Re: [HACKERS] GUC for cleanup indexes threshold. - Mailing list pgsql-hackers

From Robert Haas
Subject Re: [HACKERS] GUC for cleanup indexes threshold.
Date
Msg-id CA+Tgmoa6xNWe6+ME+ocg-BgmdwOZXoT0O6Tid7RLxm_8ztNJcA@mail.gmail.com
Whole thread Raw
In response to Re: [HACKERS] GUC for cleanup indexes threshold.  (Peter Geoghegan <pg@bowt.ie>)
Responses Re: [HACKERS] GUC for cleanup indexes threshold.  (Peter Geoghegan <pg@bowt.ie>)
List pgsql-hackers
On Tue, Mar 14, 2017 at 6:10 PM, Peter Geoghegan <pg@bowt.ie> wrote:
> On Tue, Mar 14, 2017 at 2:48 PM, Peter Geoghegan <pg@bowt.ie> wrote:
>> I think that that's safe, but it is a little disappointing that it
>> does not allow us to skip work in the case that you really had in mind
>> when writing the patch. Better than nothing, though, and perhaps still
>> a good start.

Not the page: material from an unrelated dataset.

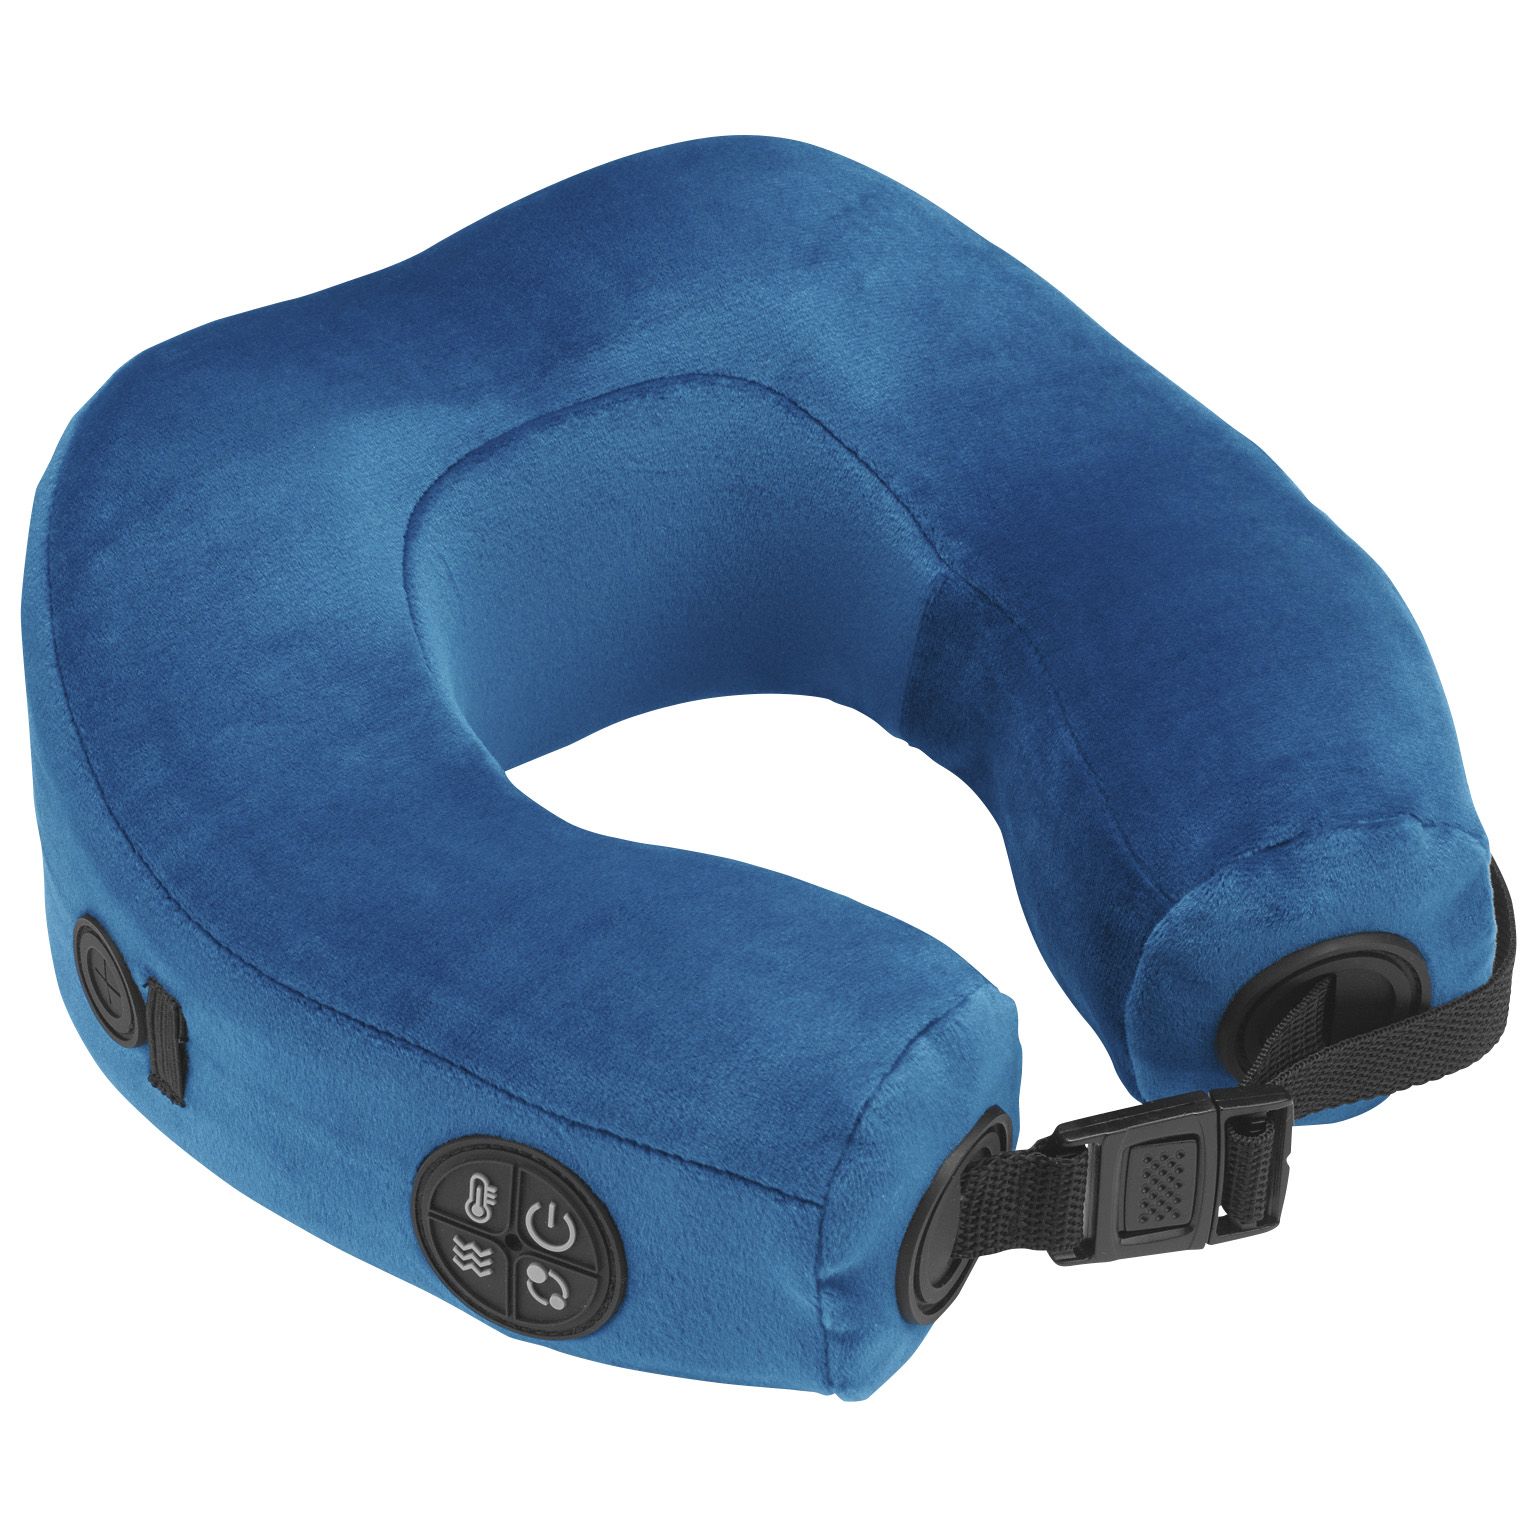 Fingerhut - Conair Rechargeable Heat Shiatsu+ Neck Massage Pillow

I would like to hear other people's opinions.
>
> Hmm. So, the SQL-callable function txid_current() exports a 64-bit
> XID, which includes an "epoch". If PostgreSQL used these 64-bit XIDs
> natively, we'd never need to freeze. Obviously we don't do that
> because the per-tuple overhead of visibility information is already
> high, and that would make it much worse. But, we can easily afford the
> extra overhead in a completely dead page. Maybe we can overcome the
> _bt_page_recyclable() limitation by being cleverer about how it
> determines if recycling is safe -- it can examine epoch, too. This
> would also be required in the similar function
> vacuumRedirectAndPlaceholder(), which is a part of SP-GiST.
>
> We already have BTPageOpaqueData.btpo, a union whose contained type
> varies based on the page being dead. We could just do the same with
> some other field in that struct, and then store epoch there. Clearly
> nobody really cares about most data that remains on the page. Index
> scans just need to be able to land on it to determine that it's dead,
> and VACUUM needs to be able to determine whether or not there could
> possibly be such an index scan at the time it considers recycling..
>
> Does anyone see a problem with that?

Wouldn't it break on-disk compatibility with existing btree indexes?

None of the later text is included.